Over or underexpression is as reported in the individual study

NS: not significant

Tumour size, nodal involvement, grading and TNM staging

Studies examining the links between lncRNA expression and TNM staging have assessed 37 lncRNAs, with particular emphasis on the association with regional metastasis (i.e. nodal involvement). Results from these studies are summarized in Table 1.

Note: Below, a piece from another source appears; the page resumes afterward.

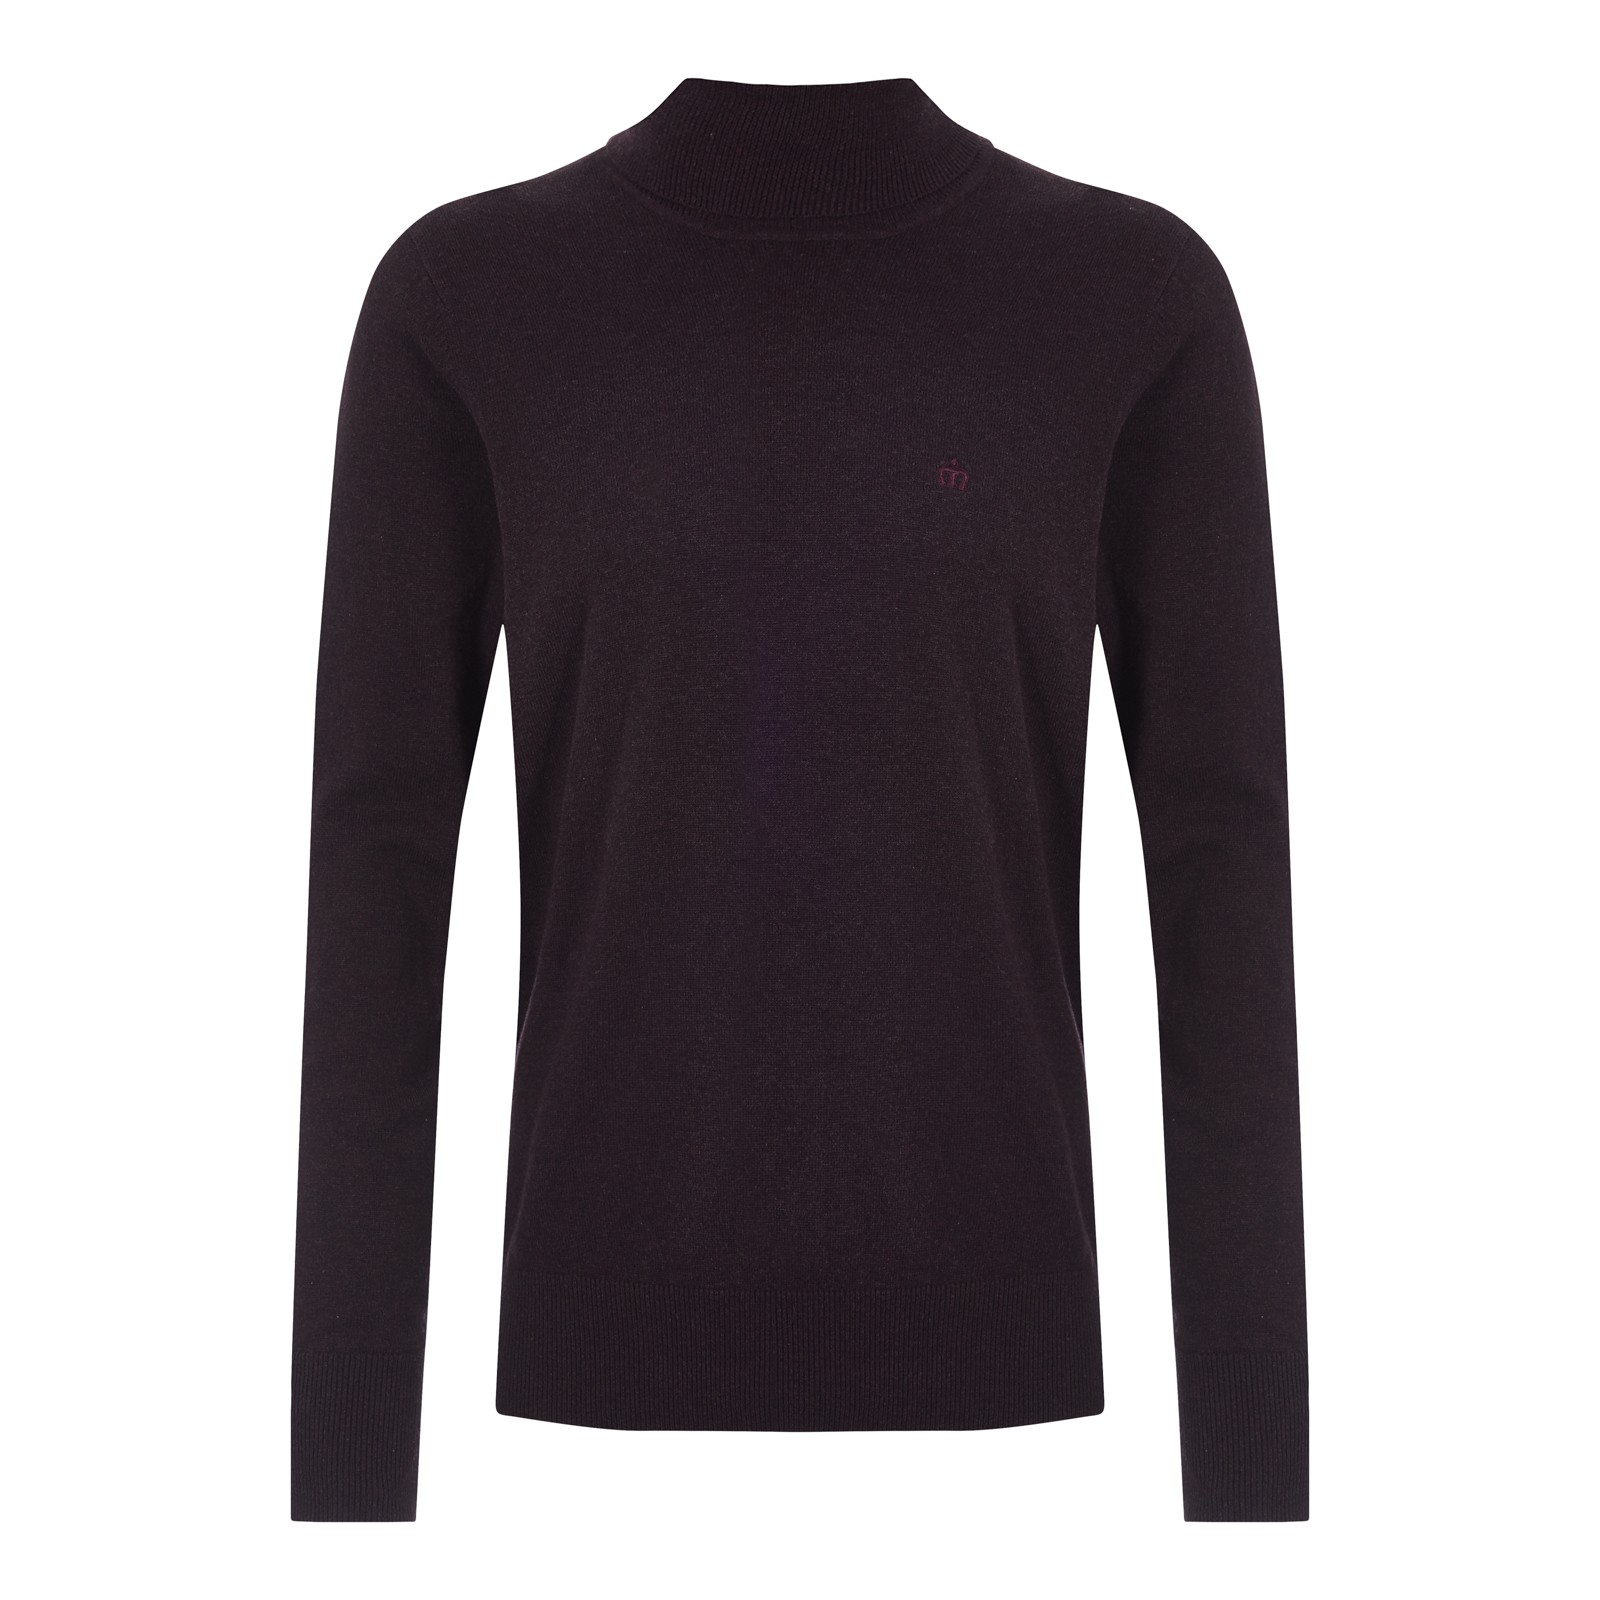 Sweter MERC LONDON HAIG bordowy
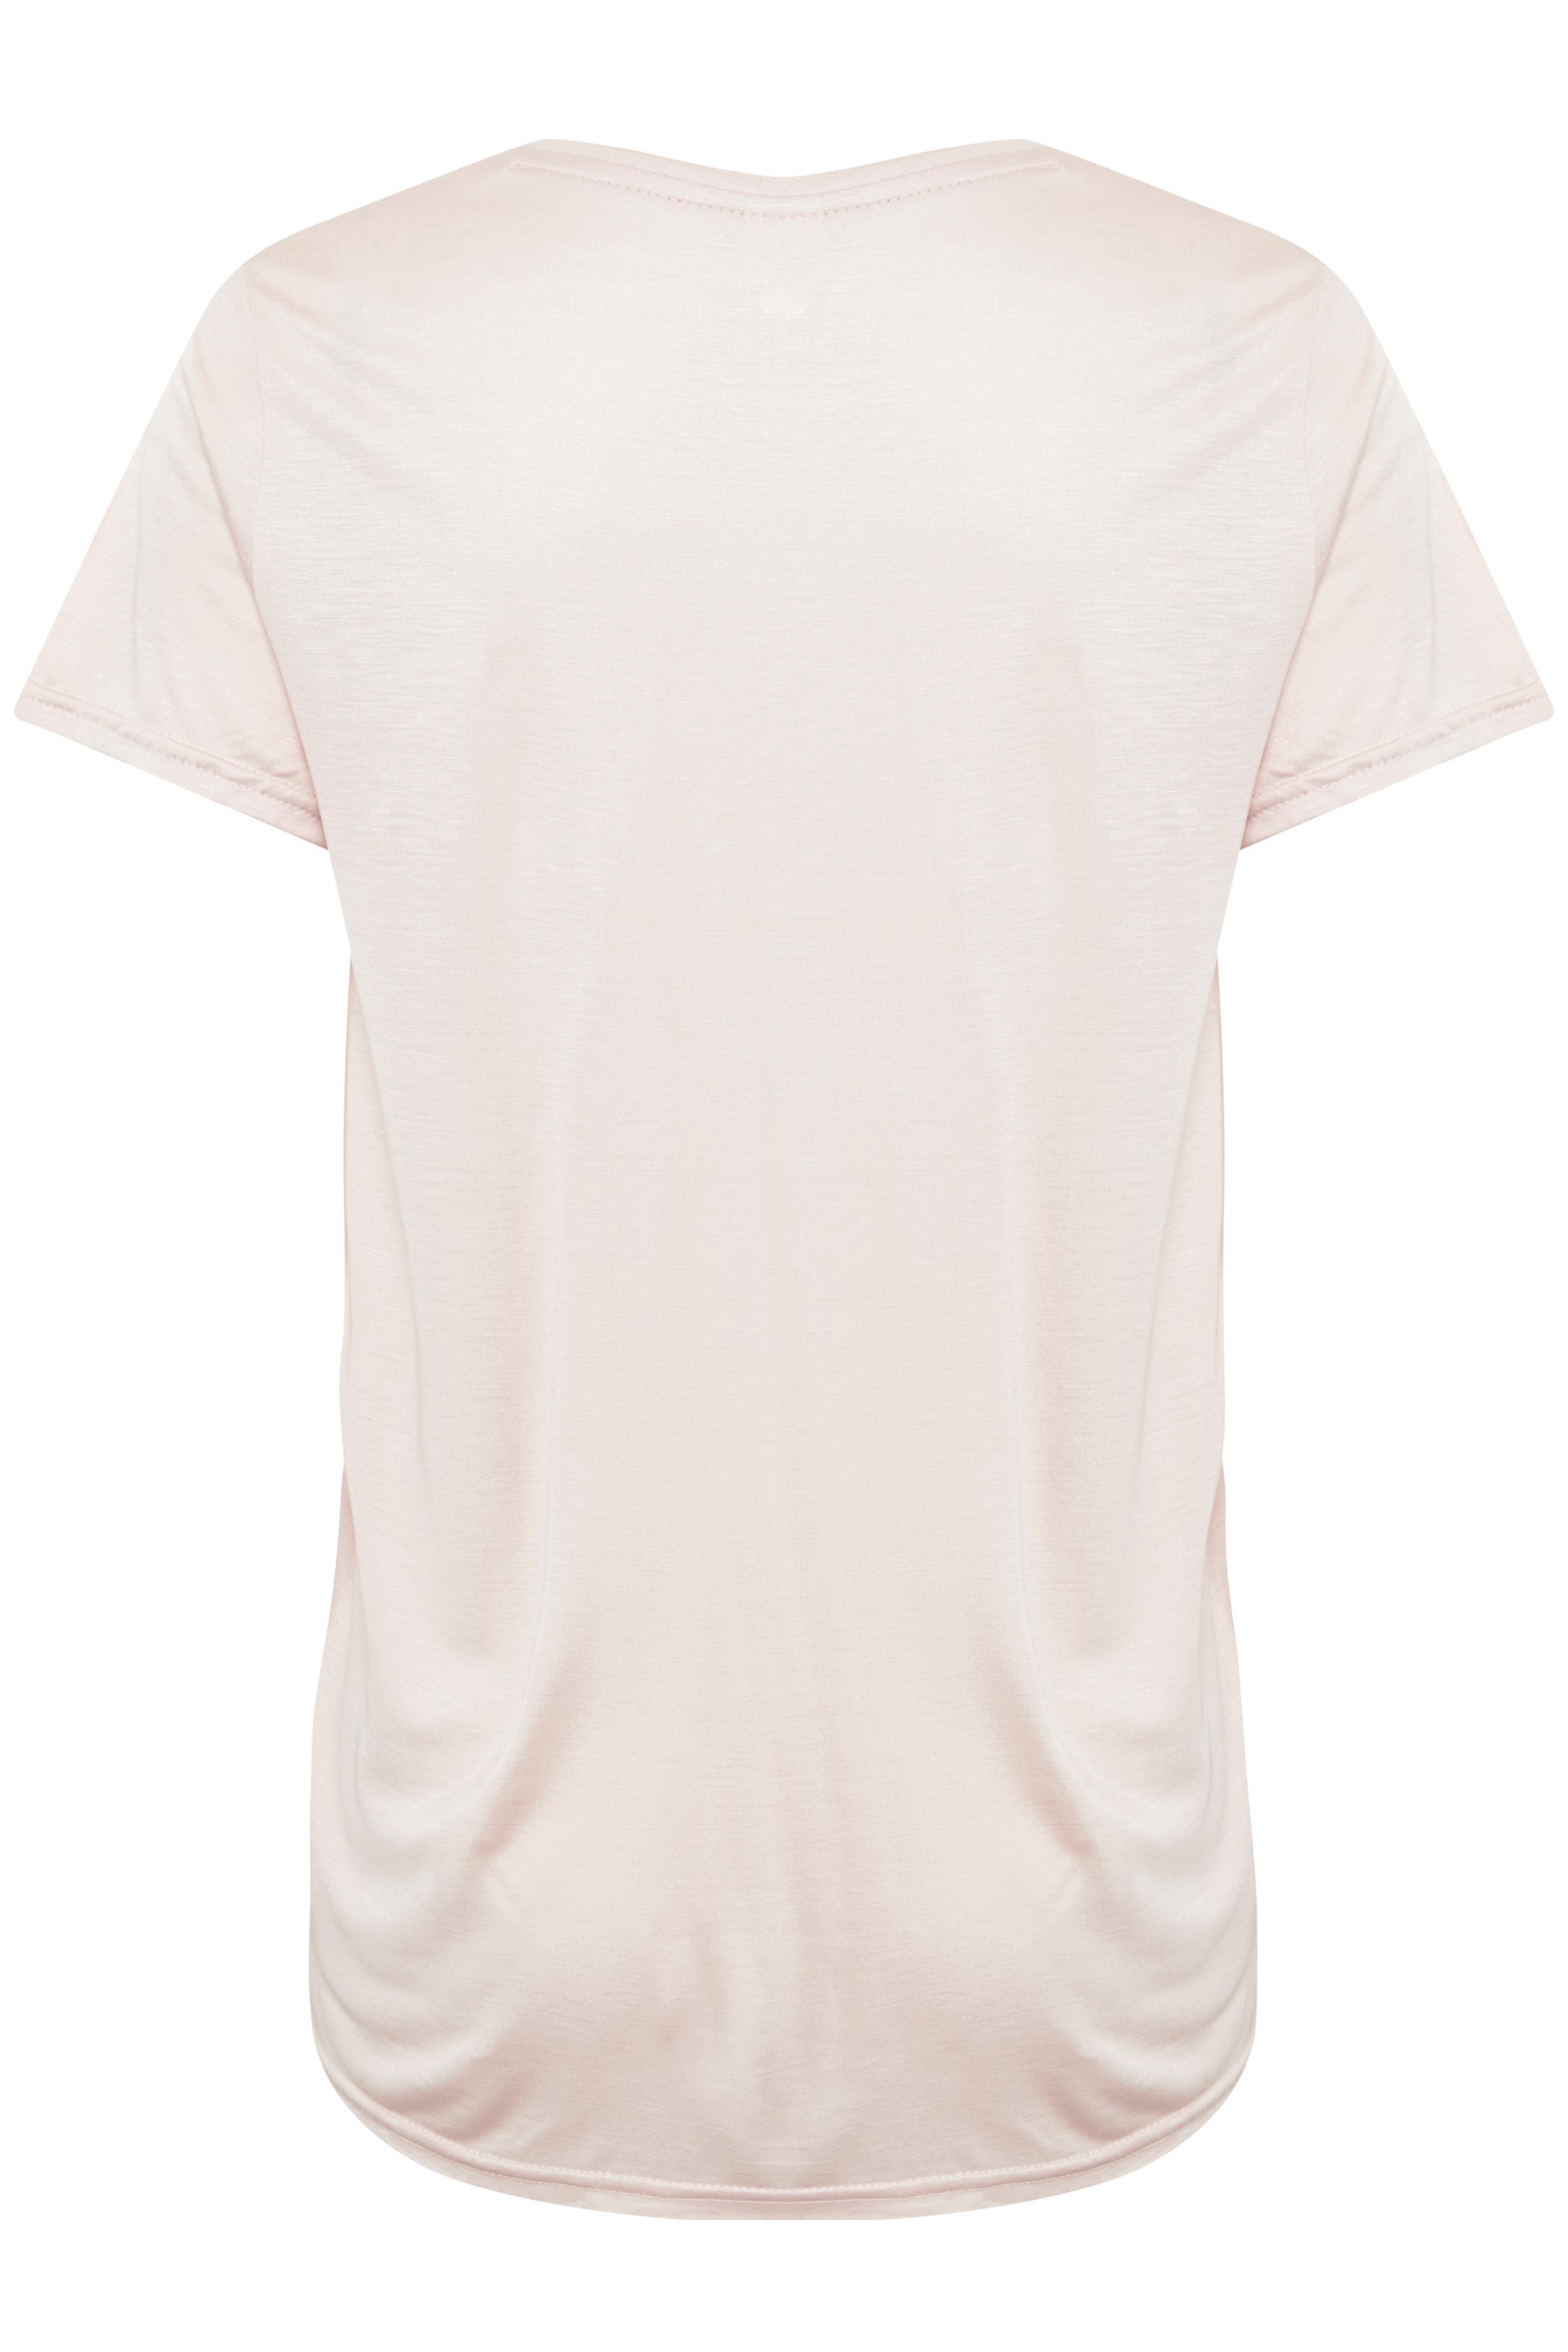 Lys rosa Kortærmet T-shirt fra Kaffe – Køb Lys rosa Kortærmet T-shirt fra str. XS-XXL her

When considering individual lncRNAs, most potential associations have been reported only once and lack validation. Of interest is that only 15 out of 33 lncRNAs were found to be up/down regulated in presence of nodal involvement. In 2013, Tang et al. reported that in presence of nodal involvement the expression of HOTAIR, NEAT1 and UCA1 was significantly upregulated, while MEG3 was downregulated (Tang et al, 2013). Two subsequent studies investigating 58 and 30 OSCC patients respectively confirmed that NEAT1 overexpression is significantly correlated with nodal metastasis (p=0.009) (Liu et al, 2018a; Huang et al, 2018a) and two studies addressing TSCC confirmed UCA1 overexpression (p=0.0379 and p=0.011 when addressing 94 and 124 patients respectively) (Fang et al, 2014; Yang et al, 2016). One author hypothesised that UCA1 overexpression promoted the metastatic but not the proliferative ability of TSCC cells (Fang et al, 2014). HOTAIR was assessed in two studies collectively with about 100 patients and both studies supported a significant link between the overexpression of this transcript and the presence of nodal metastasis (Tang et al, 2013; Wu et al, 2015). In a small cohort of 15 OSCCs, a significantly increasing trend of expression of HOTAIR was observed when comparing non-tumour tissue, tumour tissue, and tissue from metastatic nodes (p<0.05). Such a trend associated with metastases has been related to enhanced cancer stemness and metastasis due to overexpression of HOTAIR in oral carcinoma stem cells (Lu et al, 2017).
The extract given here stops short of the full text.